→ Exercise prompt: All of the listing should be returned as written, apart from any picture in it.

→ Collected material:
——————

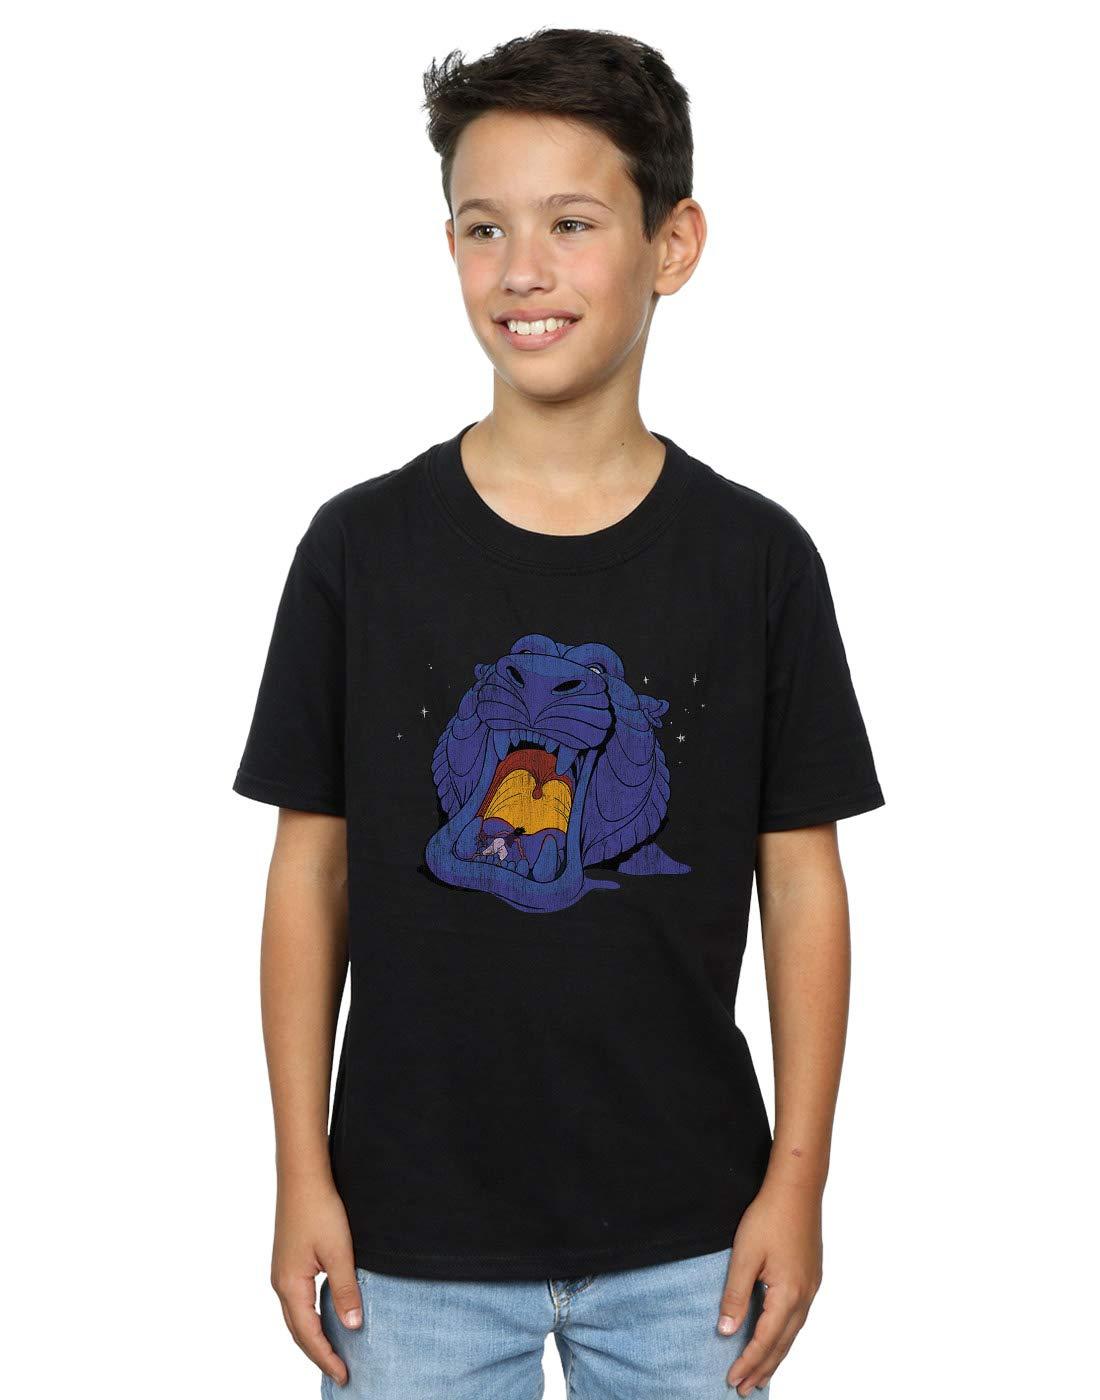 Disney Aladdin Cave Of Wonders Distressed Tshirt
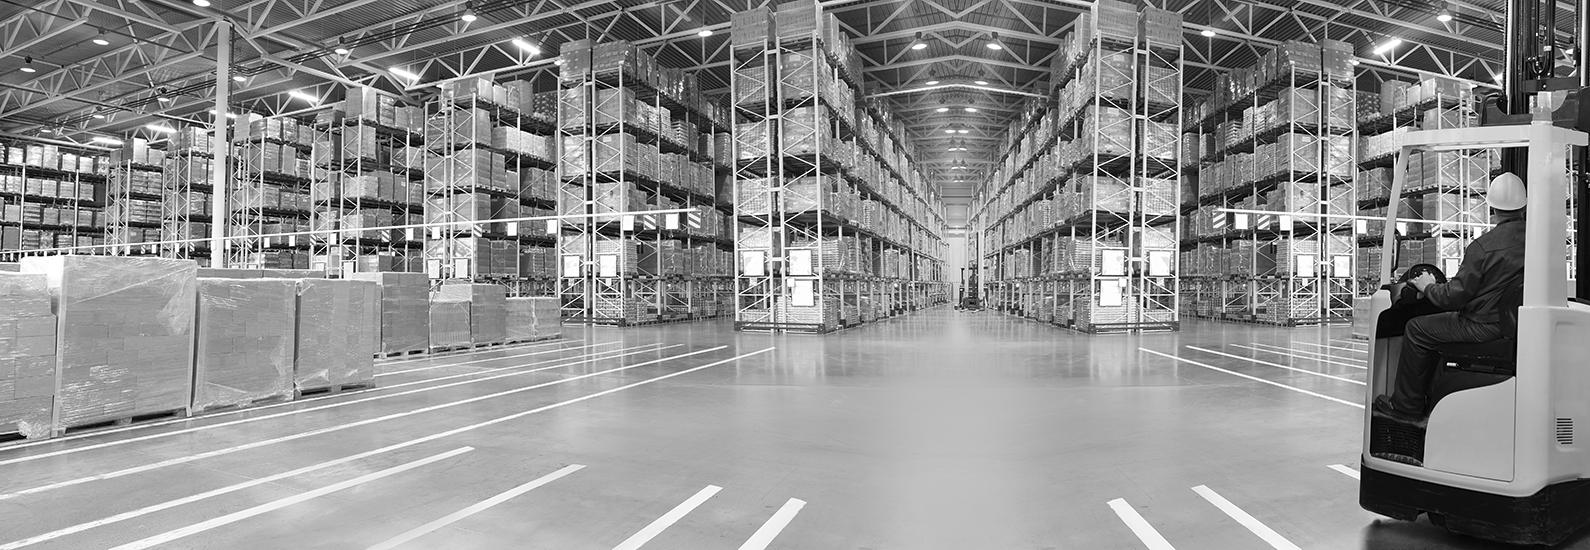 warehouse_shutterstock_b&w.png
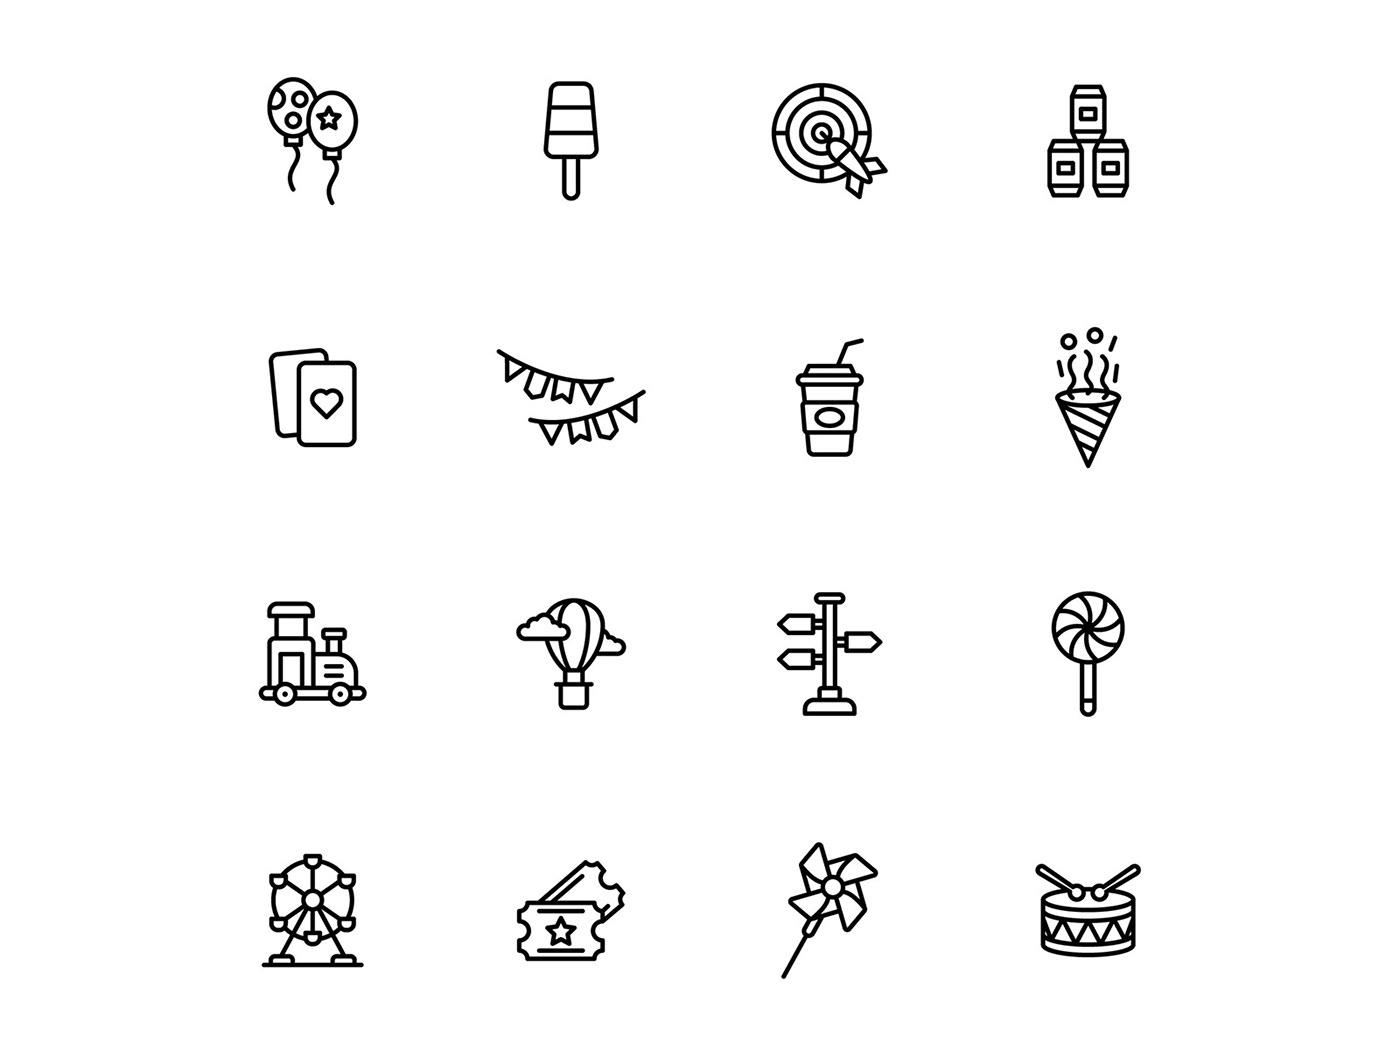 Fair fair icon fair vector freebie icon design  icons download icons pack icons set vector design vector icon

——————

→ Written response:
 Disney Aladdin Cave Of Wonders Distressed Tshirt
 warehouse_shutterstock_b&w.png
 Fair fair icon fair vector freebie icon design  icons download icons pack icons set vector design vector icon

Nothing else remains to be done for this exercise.